In recent decades, significant success has been achieved in the diagnosis, treatment, and prevention of bladder cancer. However, bladder cancer is characterized by polycentricity, multiple occurrences, and recurrence, suggesting great challenges for its clinical treatment. With the development of modern biosynthesis technology, peptide nano drugs have become one of the hot spots in drug research. Compared with monoclonal antibody drugs, recombinant protein drugs and small molecule drugs, peptide nano drugs have the characteristics of simple spatial structure, significant curative effect and high safety, and have been widely used in the diagnosis and treatment of tumors. With the continuous progress of related technologies, the clinical application of peptide nano drugs is more and more in-depth, and the development space is broad. Peptides are promising for intracellular delivery of chemical drugs, DNA, siRNA, fluorescent molecules and nanoparticles.
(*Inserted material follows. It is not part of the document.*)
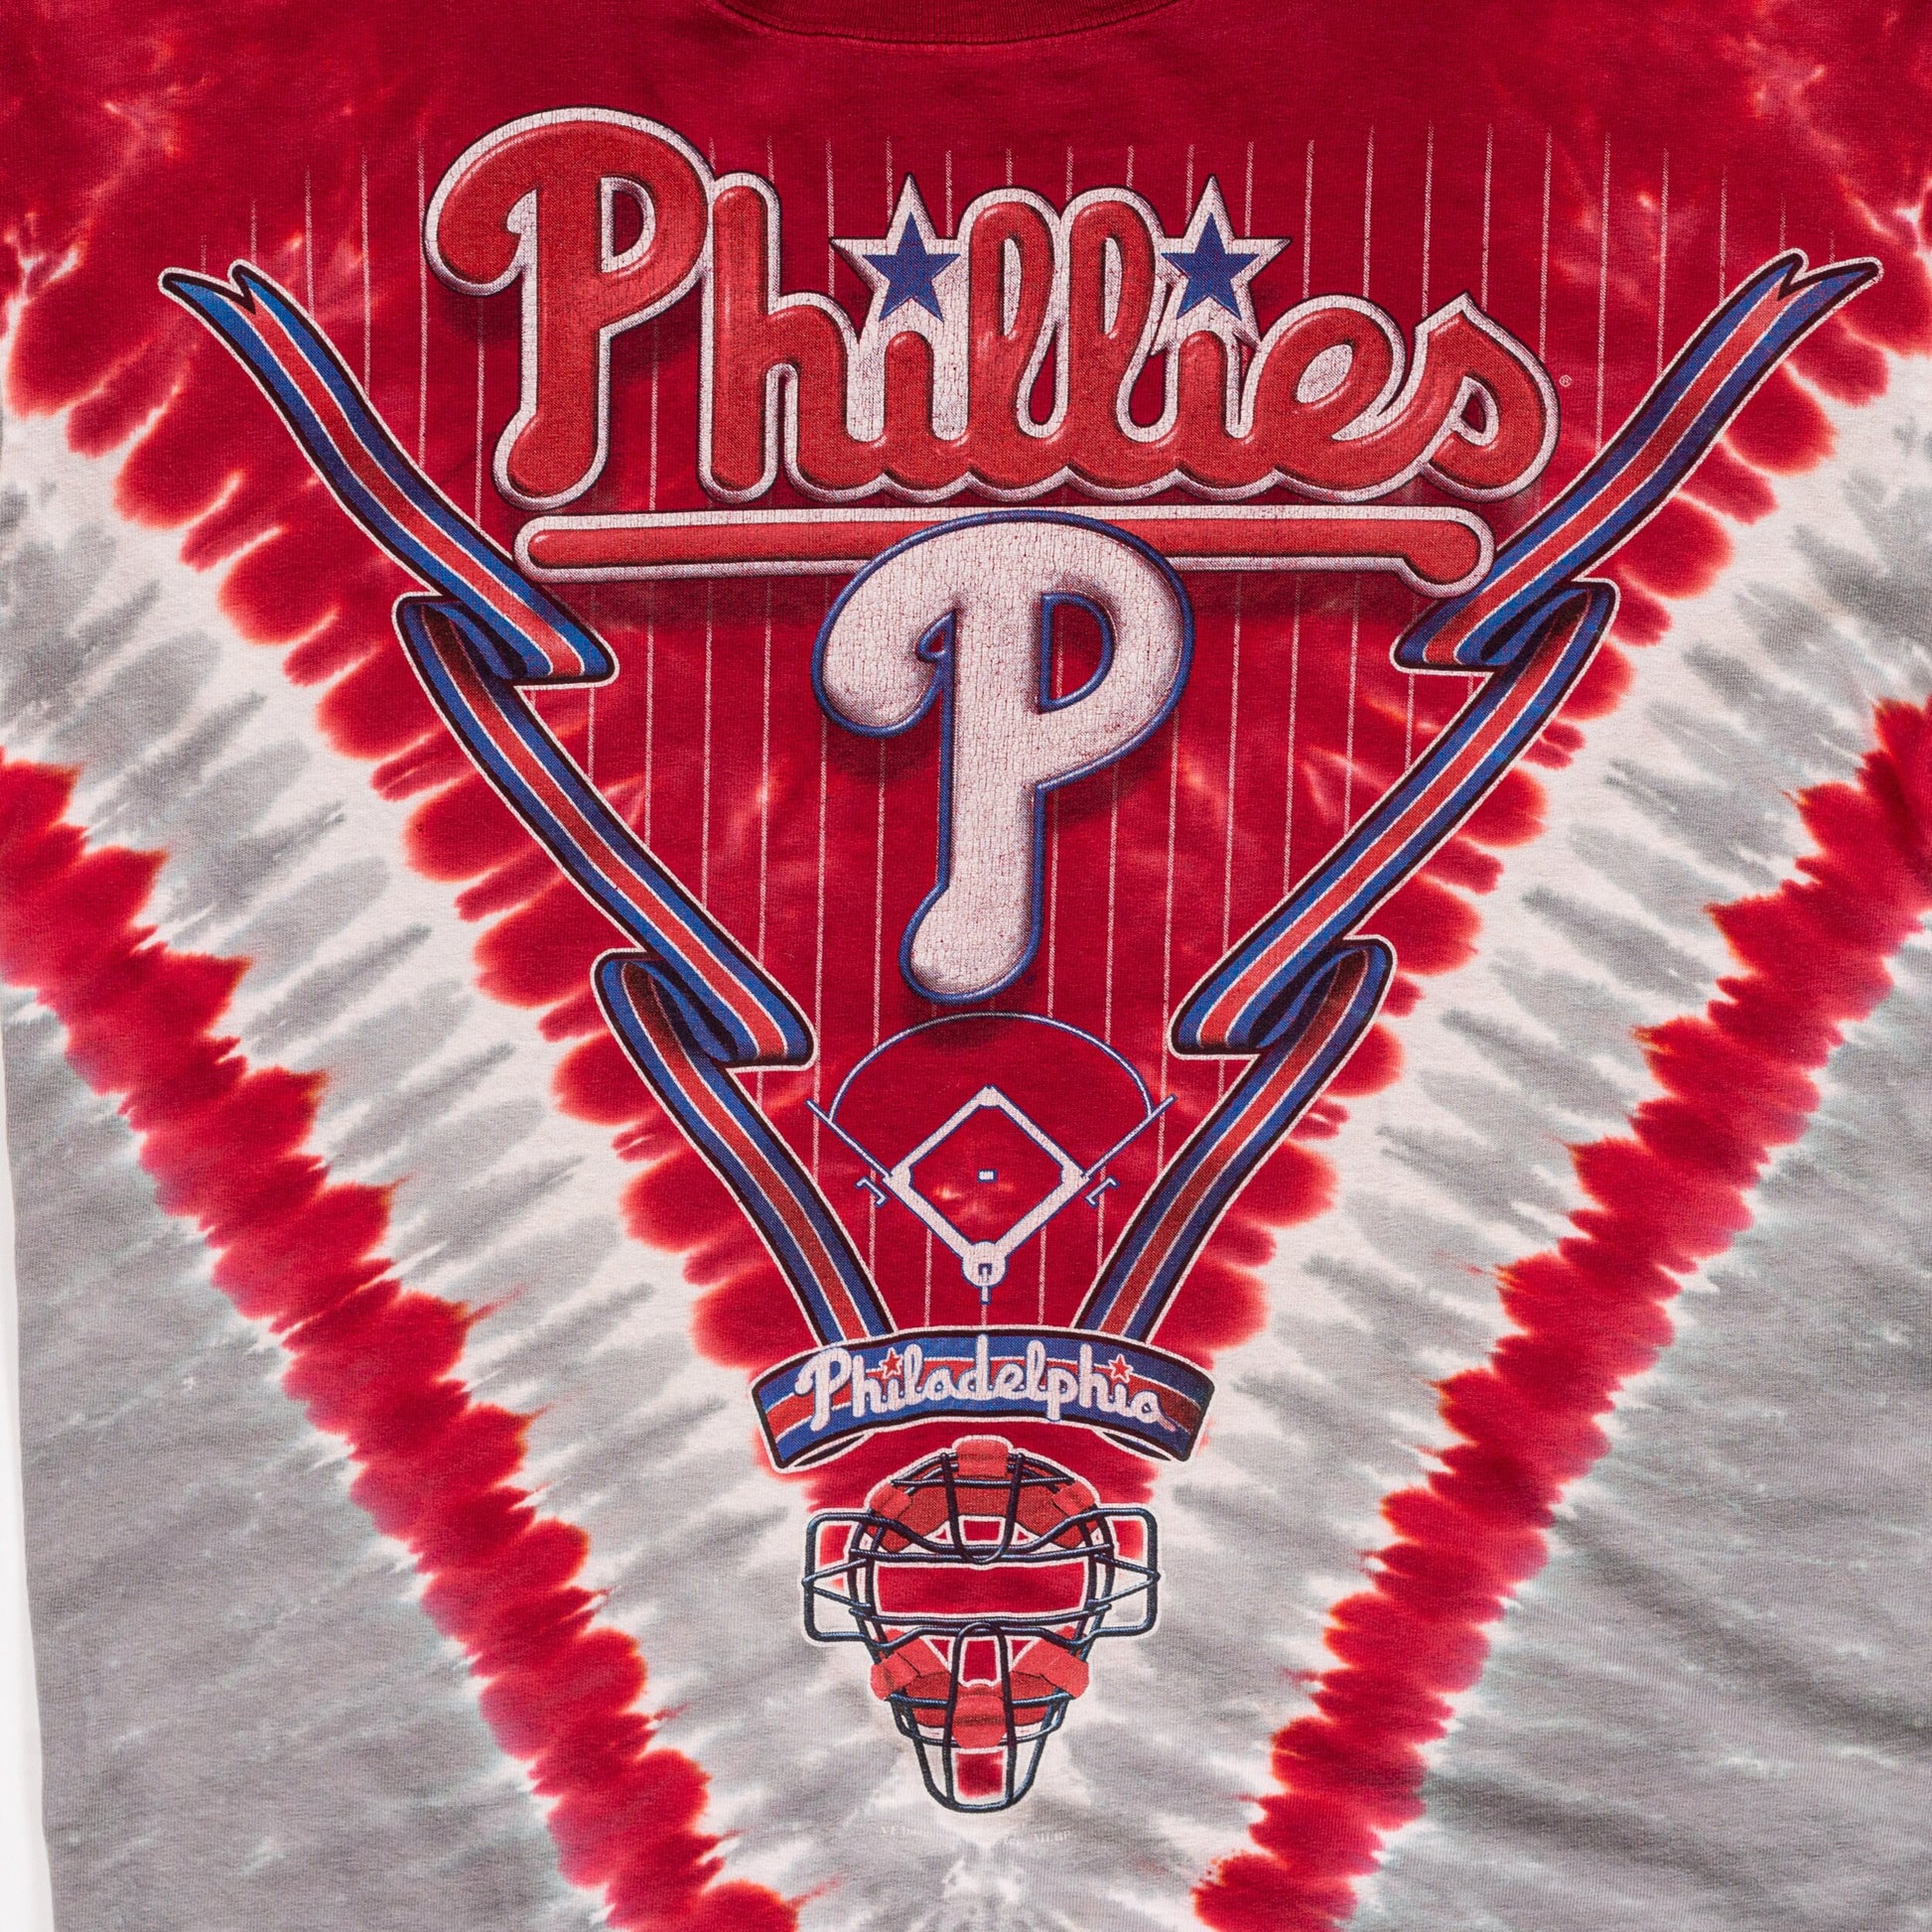 Vintage Philadelphia Baseball Sweatshirt Phillies 90s Mlb Shirt

Compared with other chemical entities, peptides have the advantages of low molecular weight, low cost and good stability. At the same time, polypeptides can be easily modified to attach and enter tumor cells, and finally transport the goods to the desired and desired places. In general, peptide nanodrugs can improve tumor targeting and permeability, reduce systemic toxicity, reduce and prevent recurrence, shorten treatment time and reduce treatment cost. They are of great value for the clinical application of bladder cancer. Peptide drugs have outstanding advantages. With the continuous progress of biotechnology and peptide synthesis technology, peptide drugs have broad market development space and are expected to become one of the main drugs for cancer diagnosis and treatment (Lin et al., 2021).